Aliens are broadcasting into my brain
I’m writing a short story that may (or may not) be included in an anthology that I may (or may not) publish in the near (or far) future. I got this idea for a story the other day and thought it would be fun to write it. And Carrie liked the idea, too. I like to have something to be doing while I’m playing online poker, like reading and responding to emails or writing articles, so I started writing the story.
In doing the research for the story, I came upon this true story about a man who was beaten up in a bar brawl and turned into a mathematical savant. I highly recommend the article. The beating changed his brain. He went from a low achieving high school graduate to an impressive prodigy who loves the mathematics he sees in the world around us. He says that there have been some bad consequences of the beating, such as PTSD and OCD, but he wouldn’t change anything because his new abilities to see the world in a unique way are "so good, I can't even describe it."
I find savants incredibly interesting. I once employed a genius programmer on the autism spectrum. He did incredible work, solving difficult problems easily, and was self-aware enough to recognize his relatively poor social skills and talk about them, so that he was interesting to be around too. I’m sure I’ve hired others on the autism scale, though they just seemed really bright but also really annoying.

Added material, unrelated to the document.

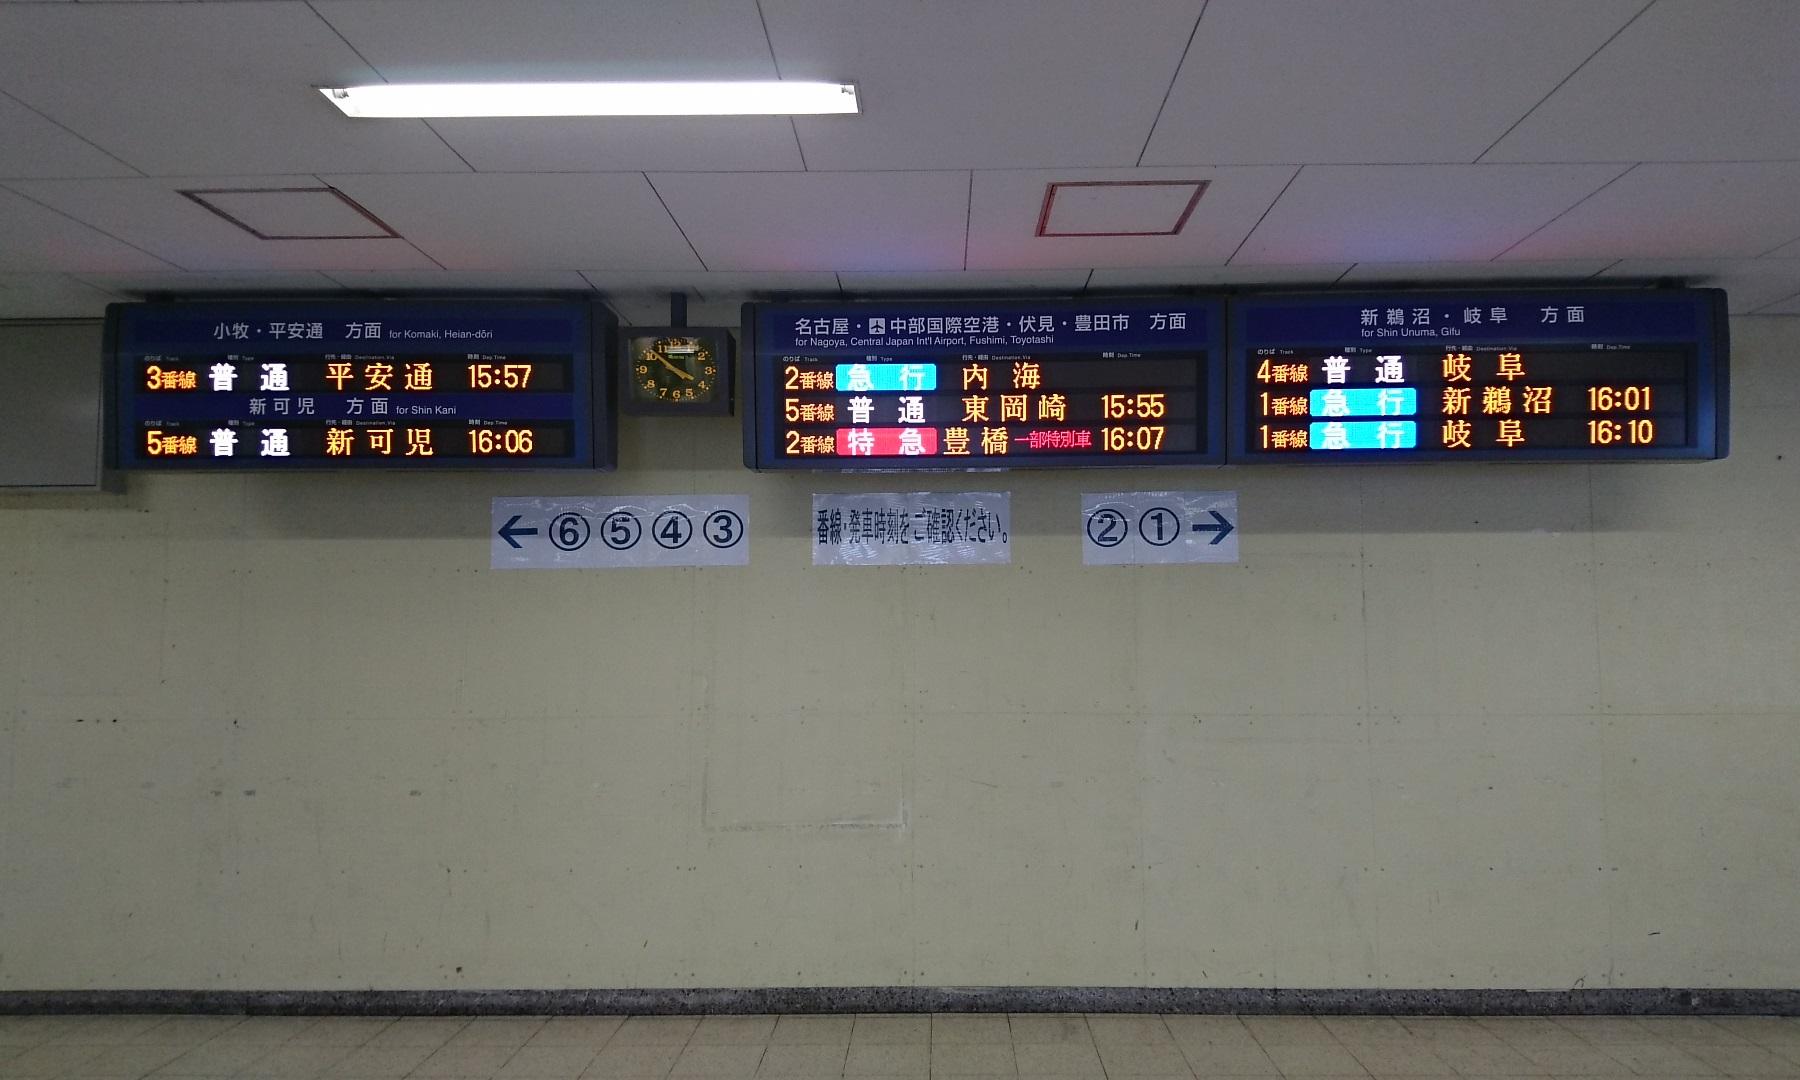 2017.1.13 かえり (8) 犬山「2番線・特急・豊橋(一部特別車)16:07」 1800-1080

Now, I’m not comparing myself to the geniuses, but I find that sometimes I get ideas seemingly out of nowhere. I can’t explain where they come from. I do know that my brain tends to fixate on interesting things, and ideas swirl around in my head, until some creative solution just appears. I often wake up after a peaceful night’s sleep with a solution to a problem. I then need to head directly to my computer to write it down or implement it. I jokingly say that it seems like aliens are broadcasting ideas into my head, and I’m simply a receptacle.
For example, in this short story I’m writing, one of the initial pictures in my head, after coming up with the overall concept, was of the main character desperately clutching a microwave oven. Why a microwave oven? I can’t say. It just seemed perfectly fitting and perfectly absurd, and the vision was so clear that I didn’t want to give it up. But thinking about it, the microwave oven didn’t make any sense. It could have been almost any object. Why a microwave oven? Even in my satires and comedies, I want things to progress logically. So I put the vision away and figured I’d come back to it later when it was time to write the ending to the story.

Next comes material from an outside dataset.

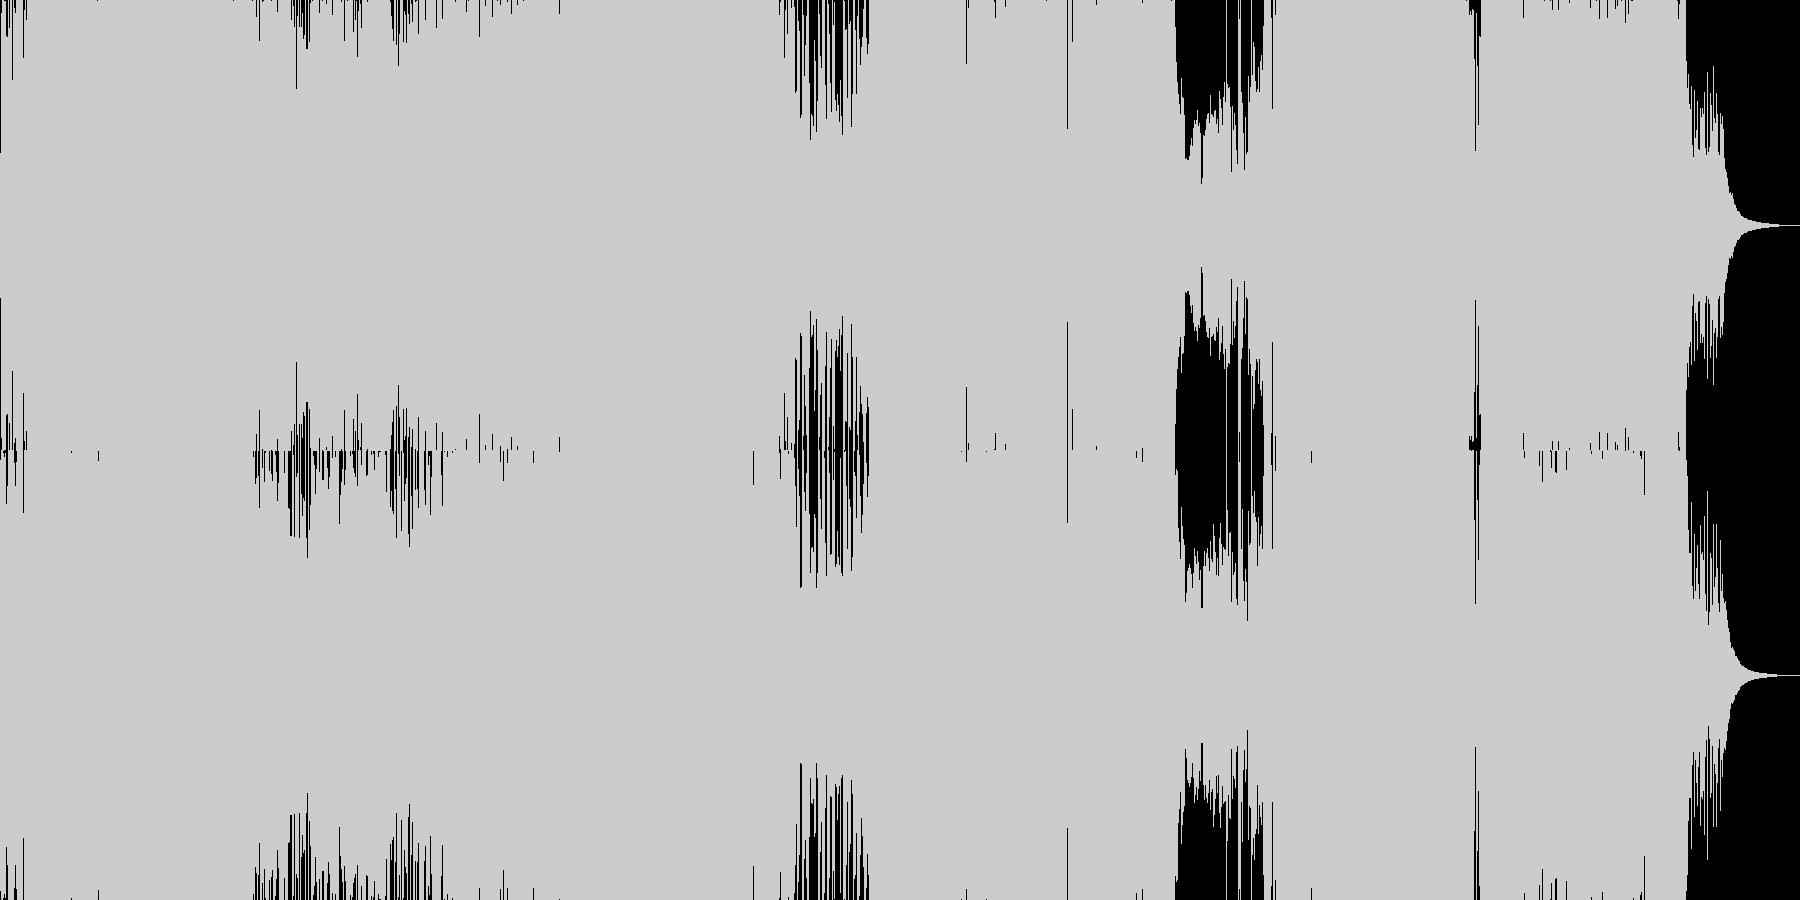 次世代ガールズポップロックアニメソングの未再生の波形

I started writing the story about a week or two later. Last night, while playing online poker, I really got into it and the words started gushing out, and each scene became clear in my head. Toward the middle of the story, the character, a highly obsessive mathematical genius, is fully engrossed in solving a problem but has no income and must find a place to stay. He rents an apartment with the bare necessities—a bed, a table, a chair, and… a microwave oven! Suddenly, the microwave oven made complete sense because it was the only thing he owned that he could hold in his arms and, conveniently, had a timer.
I’ve had this happen with my novels where some idea fits seamlessly into place much later in the story. Did I subconsciously know that would happen? Did I actually have the entire story planned out somewhere in the recesses of my mind? Or did aliens beam these thoughts into my brain piecemeal, kind of like packets on a network that can arrive at different relative times but are eventually pieced together in the correct order by my computer.
I don’t know. I know that this ability has benefited me my entire life. When I was younger, I actually felt guilty about it—as if I didn’t deserve credit for the things I dreamed up.
The human brain is an incredible, unpredictable, amazing machine. Or is it a machine? Maybe one of those savants will figure out the answer or contribute to finding the answer. Or maybe aliens will beam the answer into my head. I’ll let you know if they do.